In brief, 2.5 × 106 END cells were incubated with 200 μM CoCl2 for 4 h. Cells were cross-linked in 1% formaldehyde for 20 min at RT. Cells were washed and sonicated using a Bioruptor device (Diagenode). Immunoprecipitation was performed using protein A–Agarose. After washing, protein–DNA complexes were eluted and cross-links were reversed. Proteins were digested by proteinase K and DNA was extracted using QIAquick spin columns (QIAGEN).
The SD is indicated by error bars. Unpaired two-tailed t tests were performed using Sigma Plot 8.0 software. Significance was assumed for P values (P < 0.05; indicated by asterisks).

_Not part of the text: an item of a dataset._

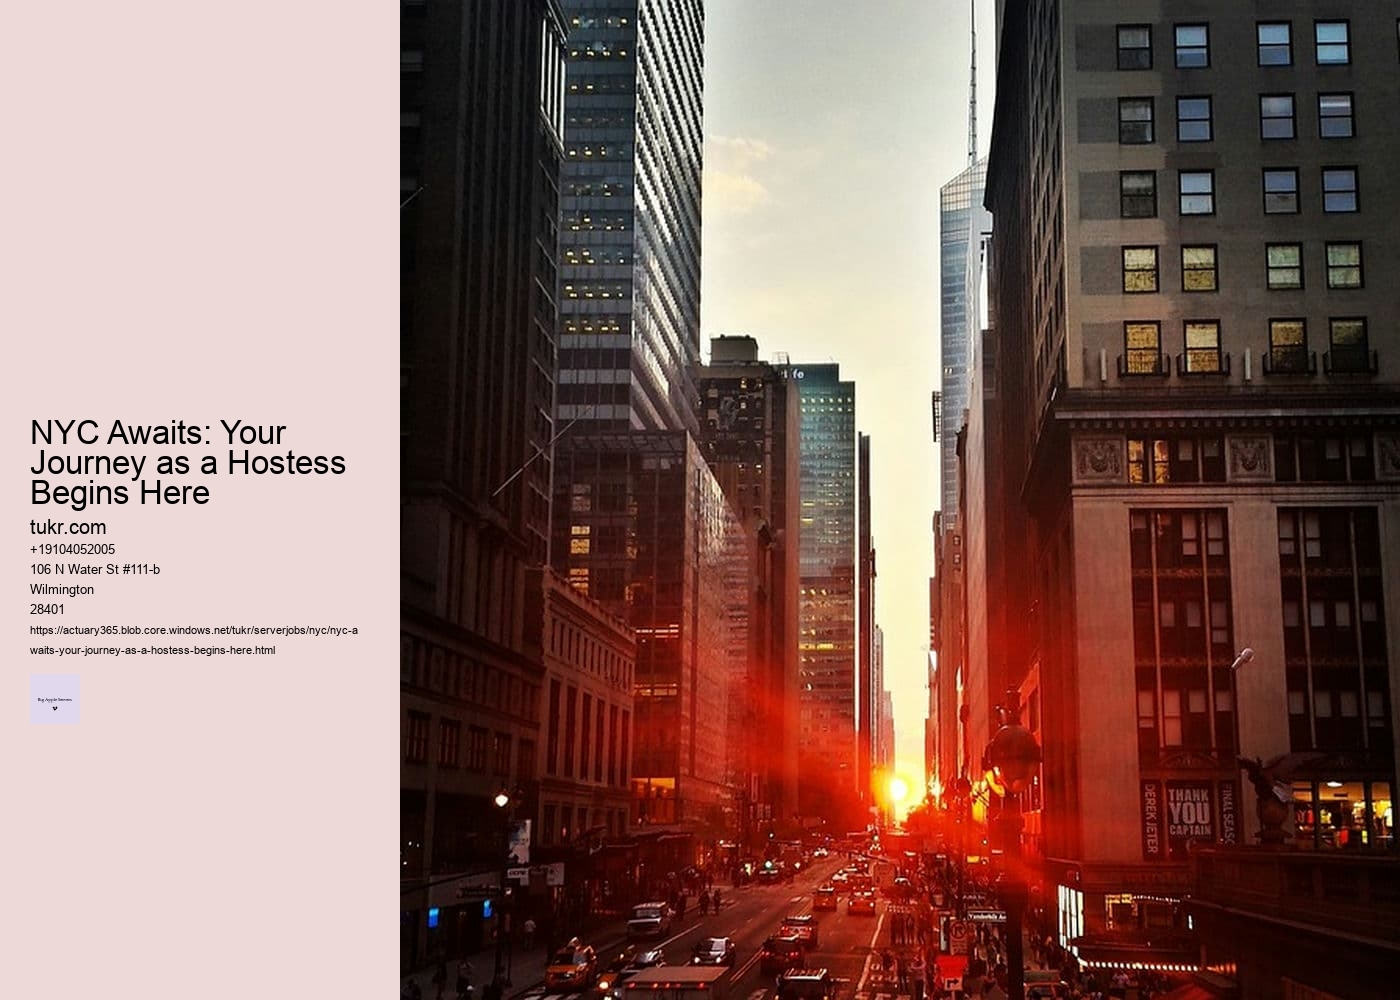 NYC Awaits: Your Journey as a Hostess Begins Here

Table S1 shows details on PCR primer sequences. Fig. S1 shows the investigation of placental development, Fig. S2 shows the microscopic evaluation of aortic ring assays, Fig. S3 shows the validation of retroviral gene transfer, and Fig. S4 shows mmp-13 promoter analysis in ECs.
The authors thank U. Deutsch and A. Cerwenka for providing transgenic mice and retroviral vectors, respectively, M. Hahn for advice on DNA microarrays, M. Sator-Schmitt, B. Vonderstrass, and S. Teurich for technical assistance, and J. Hess for providing mmp-13 reporter constructs and CBF expression plasmids and critically reading the manuscript.
This work was supported by the Deutsche Forschungsgemeinschaft (AN 182/8-2 and Transregio SFB23; B. Arnold, P. Angel, and M. Schorpp-Kistner) and the Bundesministerium für Bildung und Forschung (NGFN2: SMP RNA 01GR0418, BTN 01GS0460 to P. Lichter)
A.H. Licht and O.T. Pein contributed equally to this paper.
Abbreviations used in this paper: AP-1, activator protein-1; CBF, core-binding factor; ChIP, chromatin immunoprecipitation; CRE, cAMP responsive element; E, embryonic day; EC, endothelial cell; MMP, matrix metalloproteinase; TRE, 12-O-tetradecanoylphorbol-13-acetate–responsive element.